Mitochondrial Dysfunction in Lung Resident Mesenchymal Stem Cells from Idiopathic Pulmonary Fibrosis Patients
Josep Mercader-Barceló,
Aina Martín-Medina,
Joan Truyols-Vives,
Gabriel Escarrer-Garau,
Linda Elowsson,
Ana Montes-Worboys,
Carlos Río-Bocos,
Josep Muncunill-Farreny,
Julio Velasco-Roca,
Anna Cederberg,
Måns Kadefors,
Maria Molina-Molina,
Gunilla Westergren-Thorsson,
Ernest Sala-Llinàs
Affiliations
Josep Mercader-Barceló
iRESPIRE Research Group, Health Research Institute of the Balearic Islands (IdISBa), 07120 Palma, Spain
Aina Martín-Medina
iRESPIRE Research Group, Health Research Institute of the Balearic Islands (IdISBa), 07120 Palma, Spain
Joan Truyols-Vives
MolONE Research Group, University of the Balearic Islands, 07122 Palma, Spain
Gabriel Escarrer-Garau
MolONE Research Group, University of the Balearic Islands, 07122 Palma, Spain
Linda Elowsson
Lung Biology, Department of Experimental Medical Science, Lund University, 08908 Lund, Sweden
Ana Montes-Worboys
ILD Unit, Respiratory Department, University Hospital of Bellvitge-Bellvitge Biomedical Research Institute (IDIBELL), Hospitalet de Llobregat, 08908 Barcelona, Spain
Carlos Río-Bocos
iRESPIRE Research Group, Health Research Institute of the Balearic Islands (IdISBa), 07120 Palma, Spain
Josep Muncunill-Farreny
Health Research Institute of the Balearic Islands (IdISBa), 07120 Palma, Spain
Julio Velasco-Roca
Health Research Institute of the Balearic Islands (IdISBa), 07120 Palma, Spain
Anna Cederberg
Lung Biology, Department of Experimental Medical Science, Lund University, 08908 Lund, Sweden
Måns Kadefors
Lung Biology, Department of Experimental Medical Science, Lund University, 08908 Lund, Sweden
Maria Molina-Molina
ILD Unit, Respiratory Department, University Hospital of Bellvitge-Bellvitge Biomedical Research Institute (IDIBELL), Hospitalet de Llobregat, 08908 Barcelona, Spain
Gunilla Westergren-Thorsson
Lung Biology, Department of Experimental Medical Science, Lund University, 08908 Lund, Sweden
Ernest Sala-Llinàs
iRESPIRE Research Group, Health Research Institute of the Balearic Islands (IdISBa), 07120 Palma, Spain
Idiopathic pulmonary fibrosis (IPF) is characterized by an aberrant repair response with uncontrolled turnover of extracellular matrix involving mesenchymal cell phenotypes, where lung resident mesenchymal stem cells (LRMSC) have been supposed to have an important role.
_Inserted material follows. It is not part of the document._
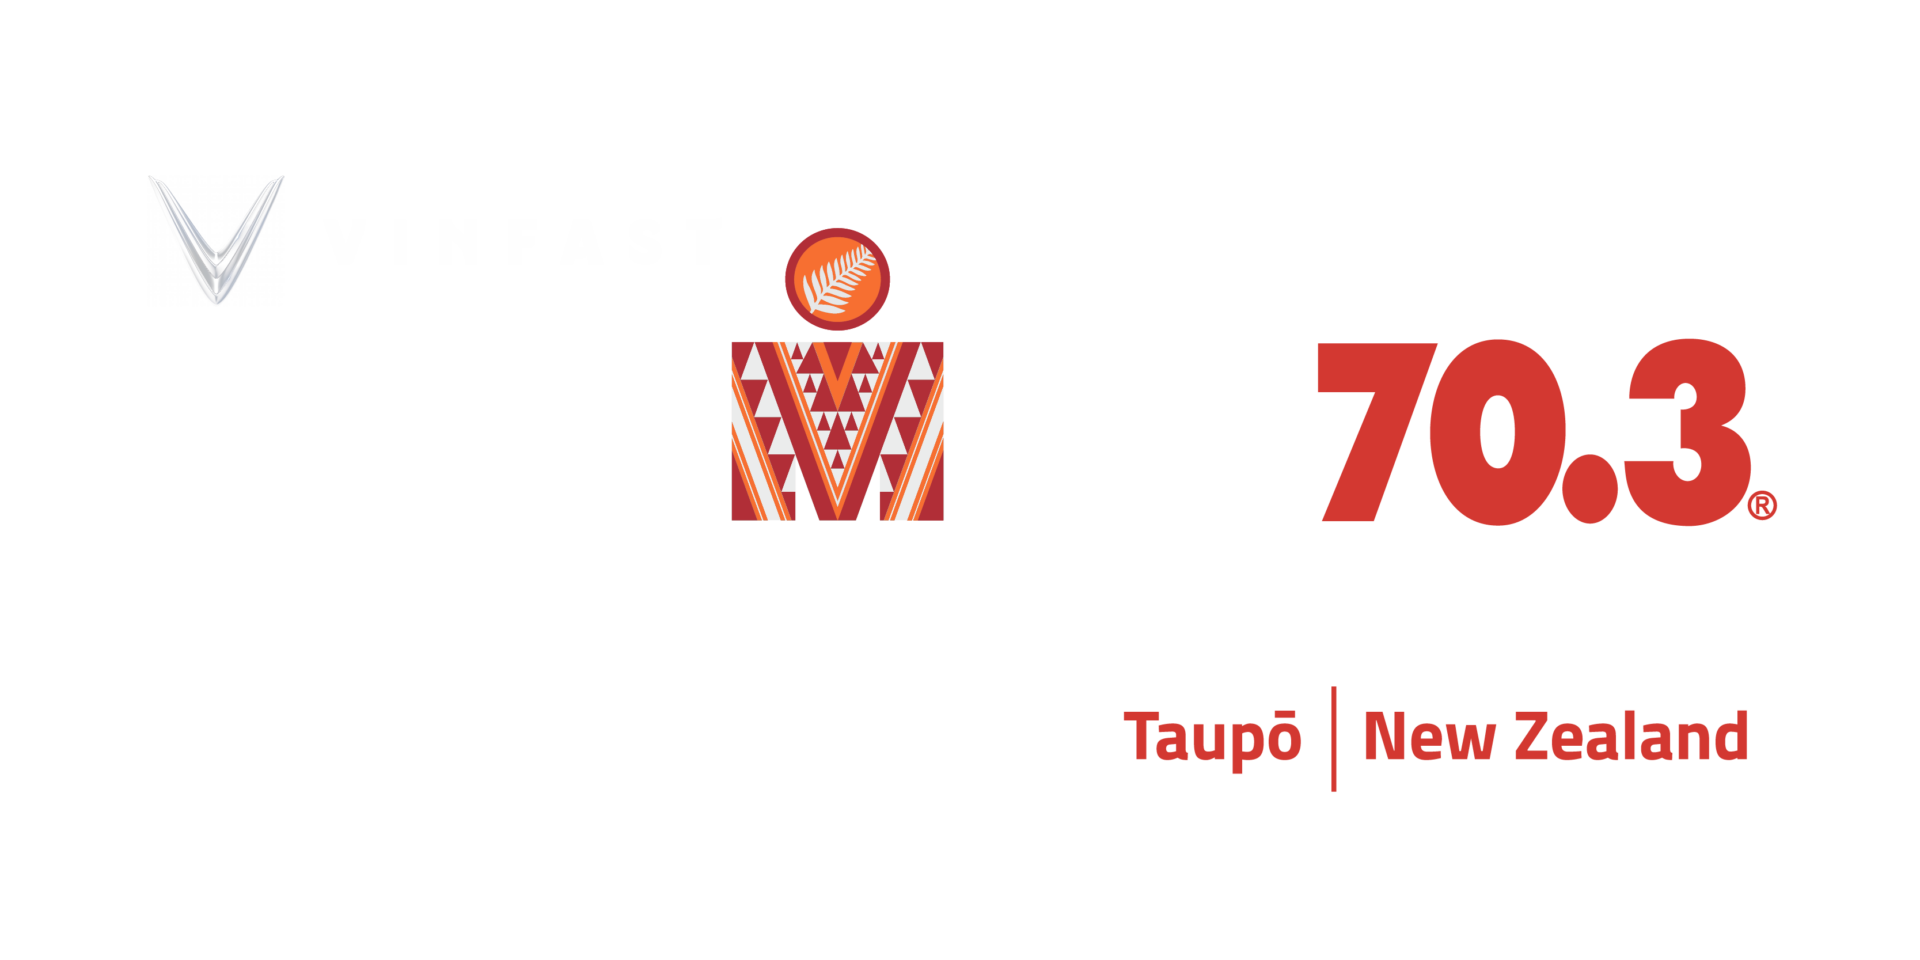 70.3 World Championship

However, the contribution of LRMSC in lung fibrosis is not fully understood, and the role of LRMSC in IPF remains to be elucidated. Here, we performed transcriptomic and functional analyses on LRMSC isolated from IPF and control patients (CON). Both over-representation and gene set enrichment analyses indicated that oxidative phosphorylation is the major dysregulated pathway in IPF LRMSC. The most relevant differences in biological processes included complement activation, mesenchyme development, and aerobic electron transport chain. Compared to CON LRMSC, IPF cells displayed impaired mitochondrial respiration, lower expression of genes involved in mitochondrial dynamics, and dysmorphic mitochondria. These changes were linked to an impaired autophagic response and a lower mRNA expression of pro-apoptotic genes. In addition, IPF TGFβ-exposed LRMSC presented different expression profiles of mitochondrial-related genes compared to CON TGFβ-treated cells, suggesting that TGFβ reinforces mitochondrial dysfunction. In conclusion, these results suggest that mitochondrial dysfunction is a major event in LRMSC and that their occurrence might limit LRMSC function, thereby contributing to IPF development.